Помниться, ему предстояла командировка. Выйдя из НИИ, Евгений отправился на вокзал за билетом и по дороге столкнулся с Инной. Его бывшей однокурснице Инне крупно повезло. Она очень удачно вышла замуж. Её супруг, Александр, делал головокружительную партийную карьеру. К тому времени Александр уже занимал одно из немногочисленных первых мест в партийной иерархии города.
- Привет, Инна! – обрадовался встрече  Евгений. – Как дела?
- Ты уже, наверное, начальником стал? – спросила без обиняков Инна. – И у тебя, наверное, хорошая зарплата.
- Ну, какой я начальник. Так, основной «пахарь». И зарплата немного до двухсот не дотягивает, - вздохнул Евгений.
Тут Инна почему-то смутилась и стала объяснять непонятливому Евгению, что, несмотря на то, что официальная зарплата её мужа даже меньше, чем у Евгения на целых десять рублей, но его положение в обществе даёт ему и ей несоизмеримо большие возможности.
- Потом у него такая ответственность, - вздохнула она.
- Он с утра и до ночи в делах. Совсем мало бывает дома. Конечно, при такой работе и зарплата должна быть во много раз выше.
Евгений Михайлович пересёк площадь. Но заходить в гостиницу не хотелось. Он поднял воротник куртки и стал прогуливаться по тротуару.
- Всё-таки не во всём мы, непартийные, им, партийным, завидовали, - как бы подытожил он.
- Вот и взяли бы уже тогда, в начале восьмидесятых, да подняли бы себе зарплату, раз уж у власти находились. Всё лучше, чем лицемерие насаждать. И нечего было распределительную систему выстраивать. Всем дороже вышло. А недовольства той «распределиловкой» не расхлебать до сего времени. Высокая же зарплата позволила бы на городском рынке отовариваться при желании. А то задурили народу голову «демократической революцией», «рыночными реформами». По сути же, что сделали? Себе зарплату в десятки раз подняли, получили акции предприятий, наплодили ненужные банки и непонятно чем занимающиеся различные «ООО». Жить хорошо в подполье всё же унизительно. Поэтому и молодцами оказались эти партийные деятели горбачёвской эпохи. Они даже молодцы в квадрате. Всё делали так, что никто ничего не мог понять, да и теперь вряд ли понимает. Российская федерация (словосочетание-то какое неповоротливое) - единственное государство в мире, где добрый десяток лет официально не говорят, при каком общественно-политическом строе мы живём. Если верить истории, то все революции в мире стремились поменять общественный строй своей страны на более прогрессивный. У нас же никто никого не призывал к смене общественного строя. Хотя, если призывать, то надо, по крайней мере, обозначить на какой именно строй революция нацелена. На рыночную экономику? Но это не общественный строй. Выходит, что наша революция начала девяностых годов общественного строя не меняла. Он сам сменился? Нет, он сам смениться не мог. Тогда, значит, не было никакой демократической революции. Все революции строй меняют.
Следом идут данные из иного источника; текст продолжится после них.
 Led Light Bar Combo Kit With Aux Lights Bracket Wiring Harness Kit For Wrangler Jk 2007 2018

Евгений Михайлович почувствовал, что совсем запутался в своих рассуждениях. Он пошёл рассуждать по второму кругу, но и это ему не прибавило ясности ума.
- Не может же власть сама себя победить, - никак не успокаивался его разум. Да и вряд ли Горбачёв к этому стремился.
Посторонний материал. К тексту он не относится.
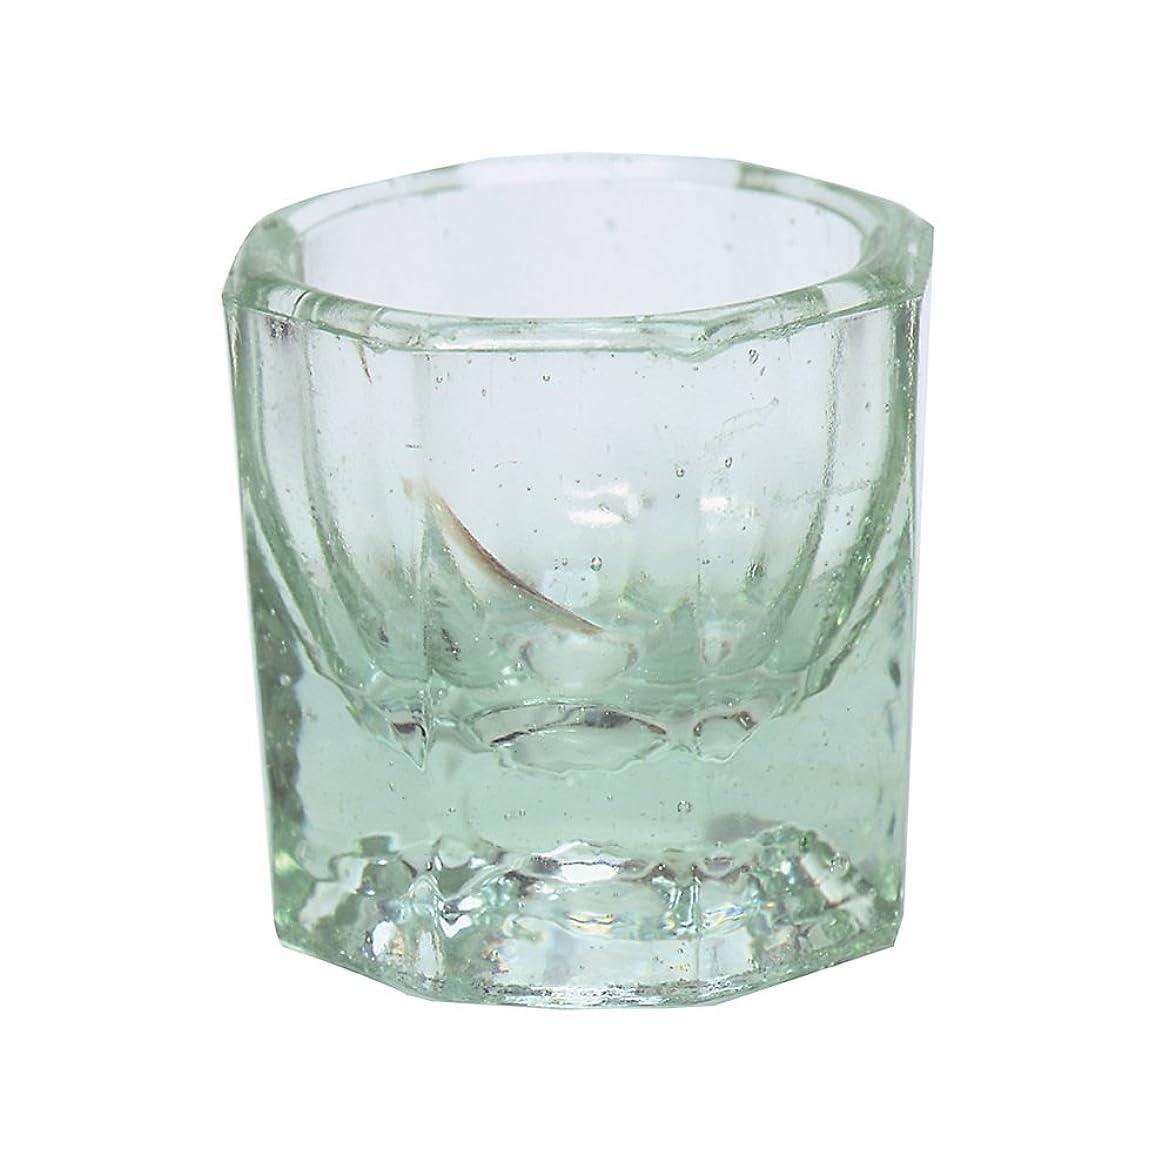 垂直祖母レトルトGaoominy Gaoominy(R)5パック、オールシーズンガラス皿

Тут ему на ум пришли запоздалые  и почти поэтические сравнения: «Горбачёв – парус, страна – корабль, ветер – партийные функционеры, жаждущие быть легитимно богатыми».
- Горбачёв сделал своё дело, и его убрали. А остальные партийные деятели пересели в другие, не менее тёплые, руководящие кресла.
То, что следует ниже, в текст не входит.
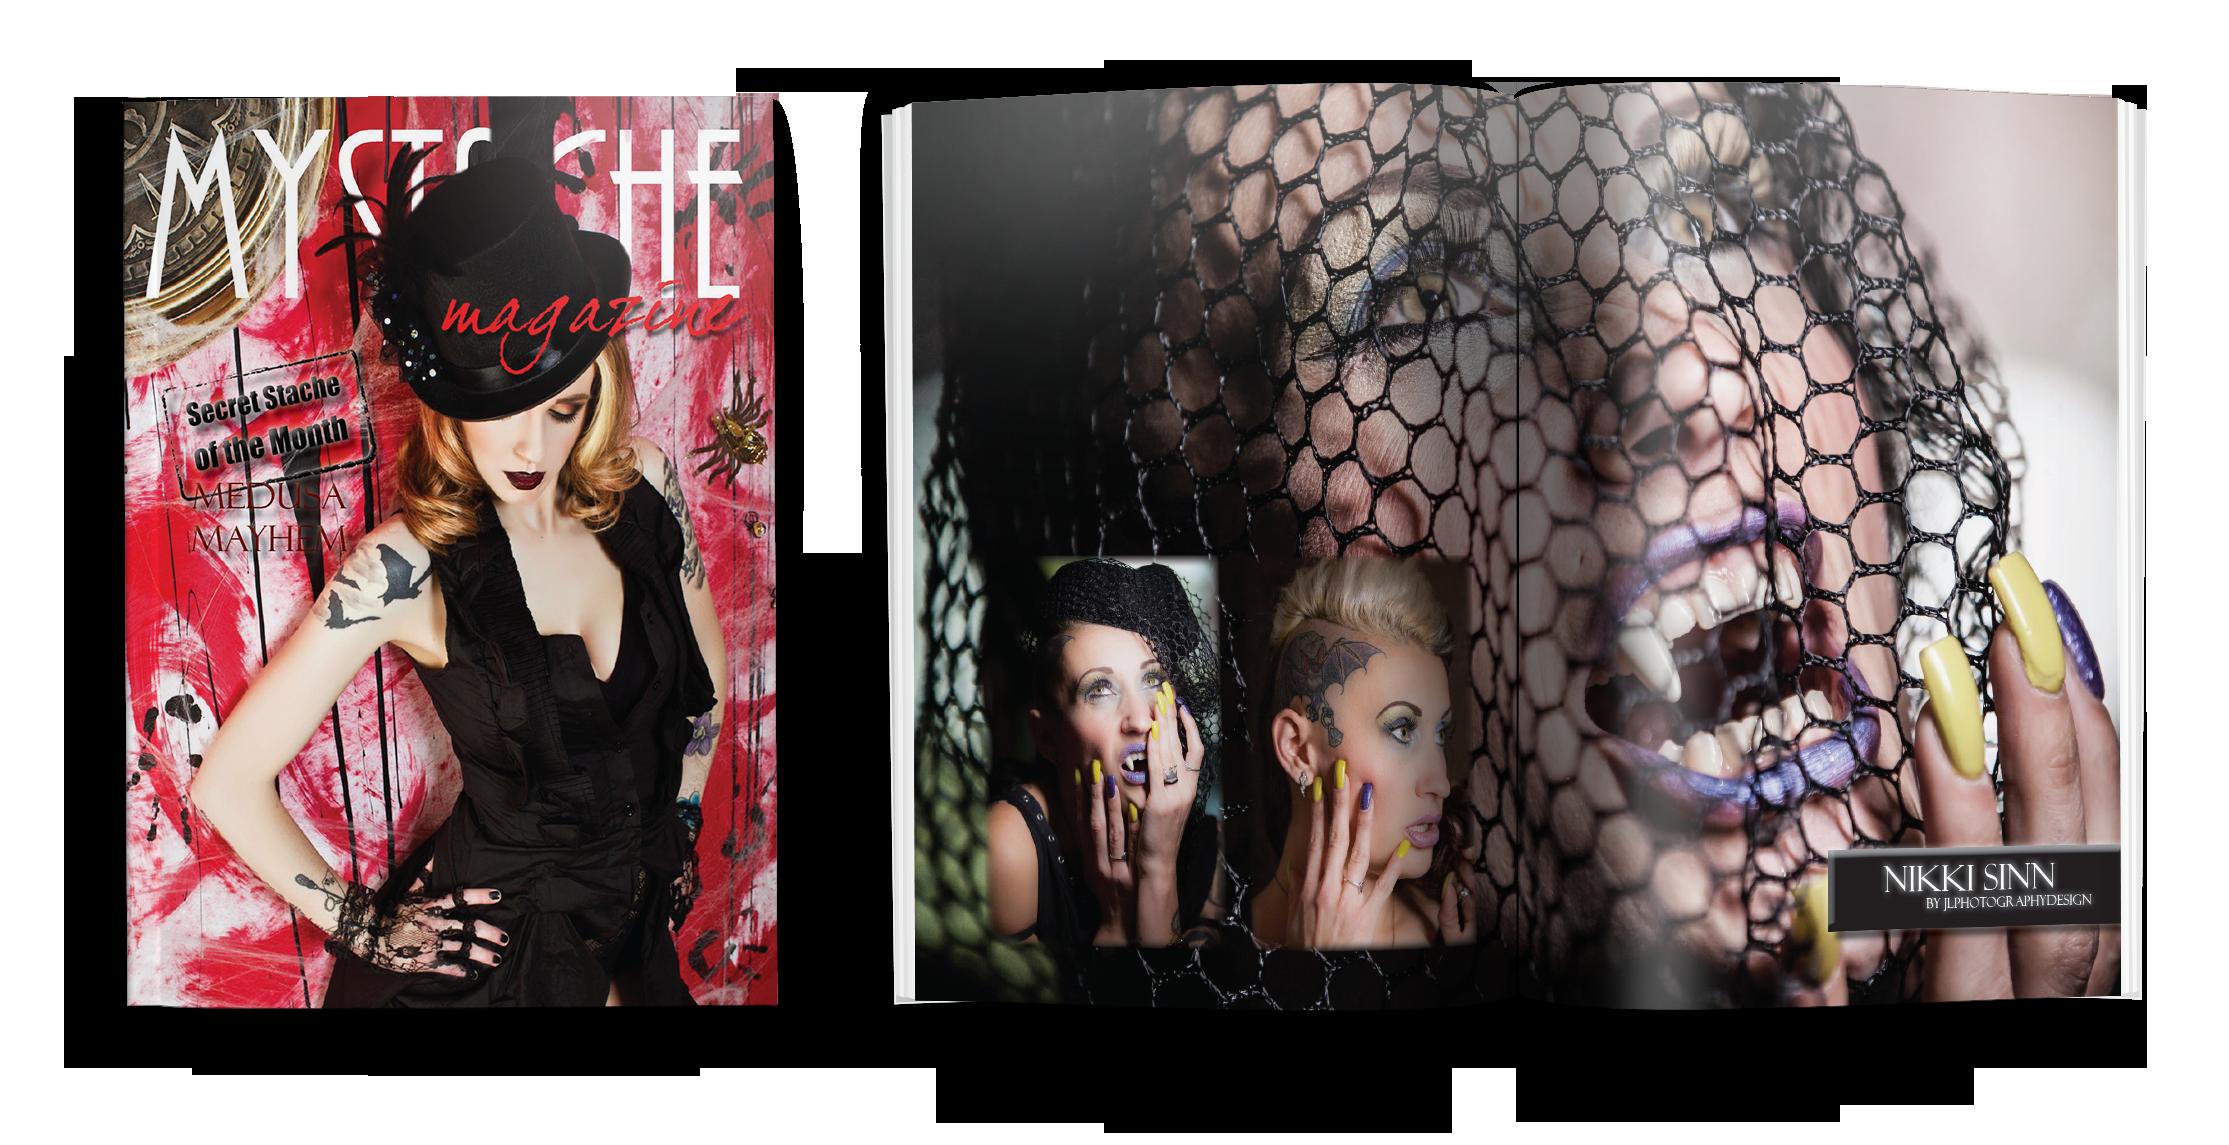 mystache_magazine_my_stache_halloweird_edition_render2.png

- Вполне также может быть, что новая власть вообще никуда никого не пересаживала. Она просто сменила названия кабинетов прежних, никуда не ушедших чиновников. Вот теперь они сидят в различных администрациях, не менее руководящие и не менее важные чем перед распадом СССР, и поглядывают через широкие окна в мощные бинокли, контролируя свои торговые палатки.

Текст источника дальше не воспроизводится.